Tout à coup, un cri retentit, poussé par une voix furieuse… De notre place, nous voyons le capitaine Haralan s’élancer et franchir l’allée d’un seul bond… Il retombe au bord des ruines et semble se heurter à un obstacle invisible… Il avance, il recule, ouvre les bras et les referme, il se courbe et se redresse, comme un lutteur combattant corps à corps…

« À moi ! crie le capitaine Haralan. Je le tiens !

Le lieutenant Armgard et moi, nous nous précipitons vers lui.

— Je le tiens, le misérable… Je le tiens… répète-t-il. À moi, Vidal !… À moi, Armgard !

Soudain, je me sens repoussé par un bras que je ne vois pas, tandis qu’une bruyante respiration m’arrive en pleine figure.

Oui, c’est bien une lutte corps à corps. Il est là, l’être invisible… Wilhelm Storitz ou tout autre !… Qui que ce soit, nos mains l’ont saisi, nous ne le lâcherons plus et nous saurons le contraindre à dire où est Myra.

Ainsi donc, comme l’a déjà constaté M. Stepack, s’il a le pouvoir de détruire sa visibilité, du moins sa matérialité subsiste. Ce n’est pas un fantôme, c’est un corps, dont nous essayons — au prix de quels efforts ! — de paralyser les mouvements.
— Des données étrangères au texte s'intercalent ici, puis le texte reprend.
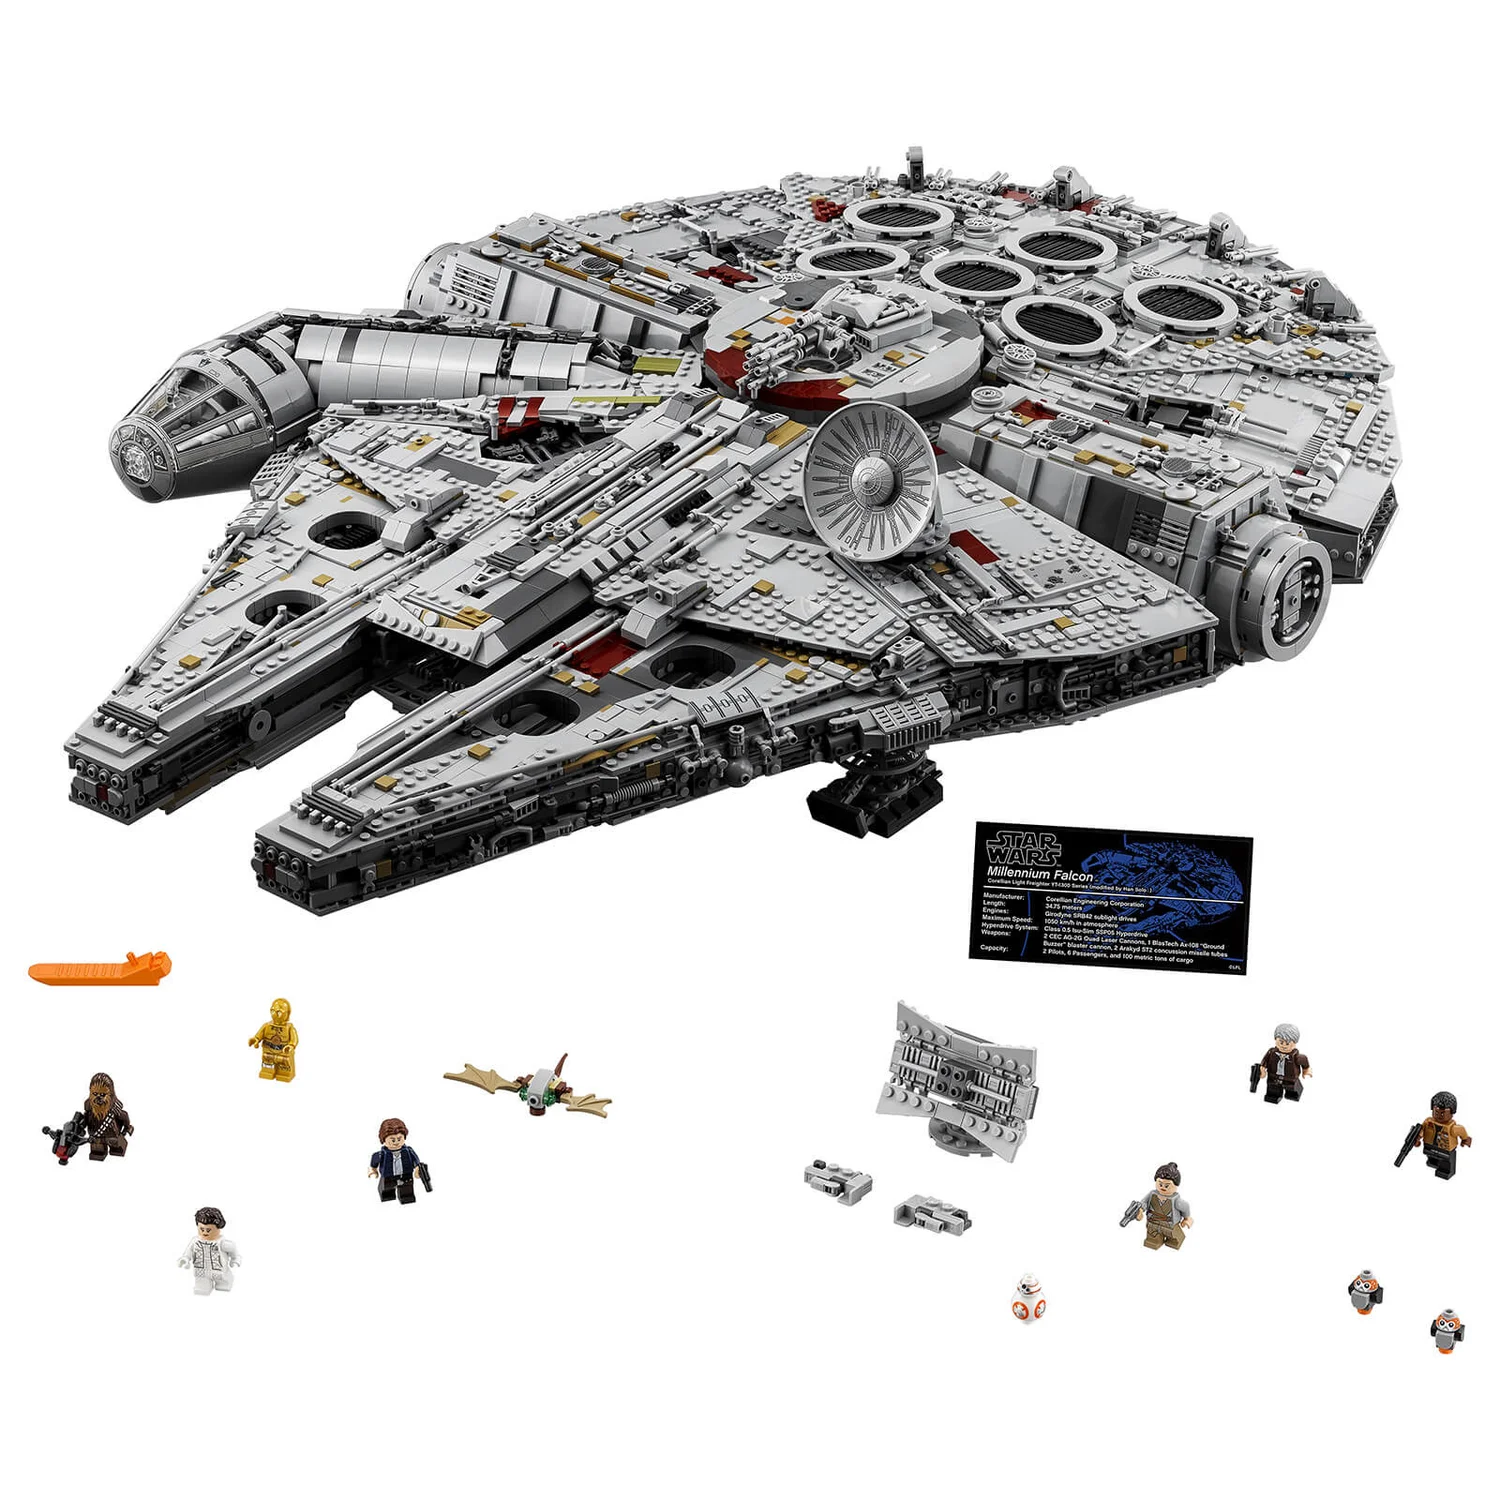 Save a huge £130 on LEGO Star Wars 75192 Millennium Falcon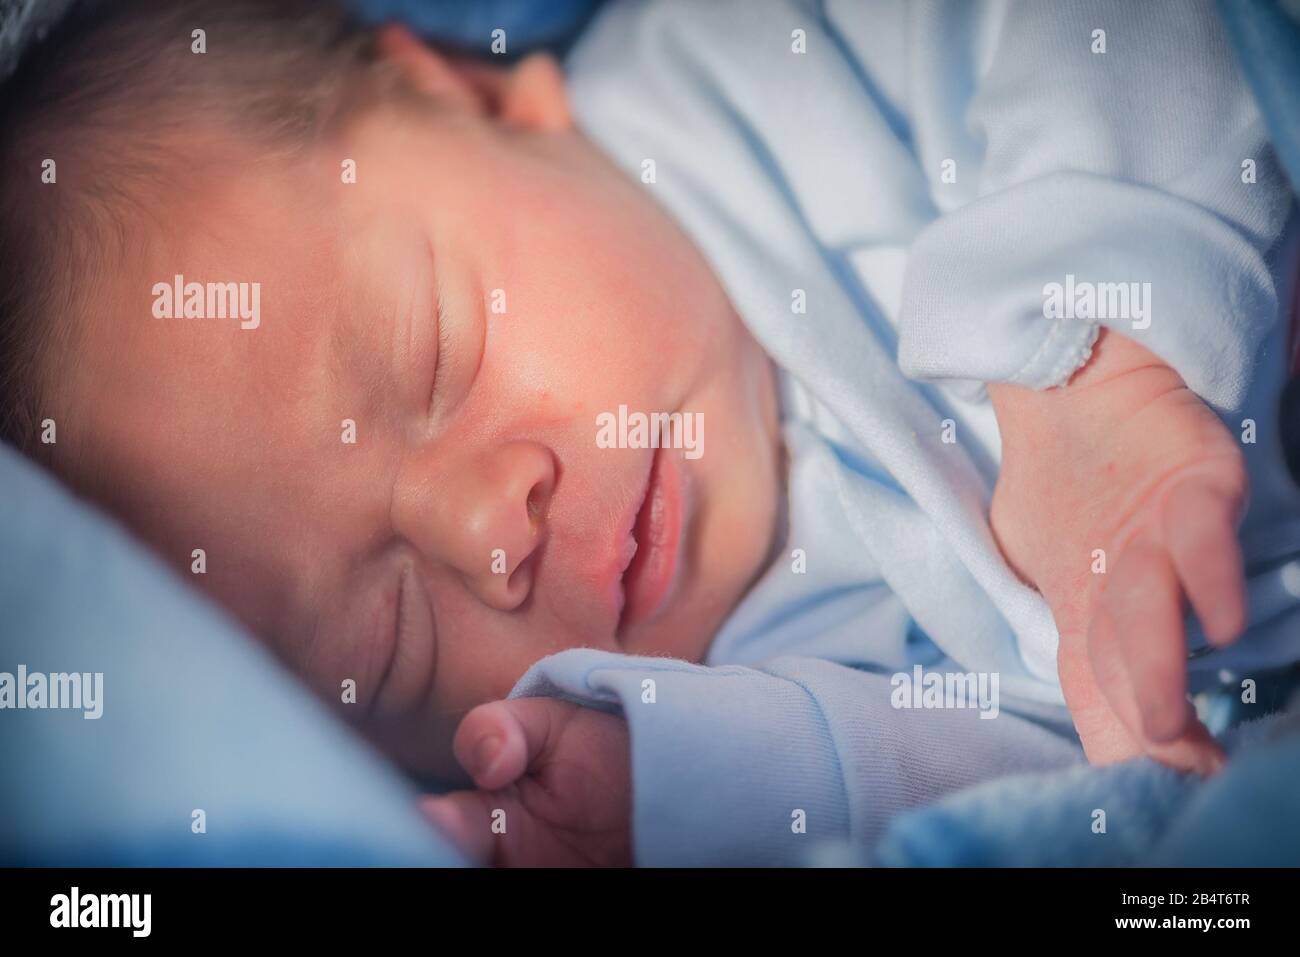 Close up portrait of a newborn baby boy sleeping Stock Photo

Nous y parvenons enfin. Je tiens par un bras notre invisible adversaire. Le lieutenant Armgard le tient par l’autre.

— Où est Myra ?… où est Myra ?… interroge d’une voix fiévreuse le capitaine Haralan.

Aucune réponse. Le misérable lutte et cherche à se dégager. Nous avons affaire à un être très vigoureux qui se débat violemment pour nous échapper. S’il y réussit, il s’élancera à travers le jardin ou les ruines, il gagnera le boulevard, et on devra renoncer à l’espoir de jamais le reprendre.

— Diras-tu où est Myra ?… répète le capitaine Haralan au comble de la fureur.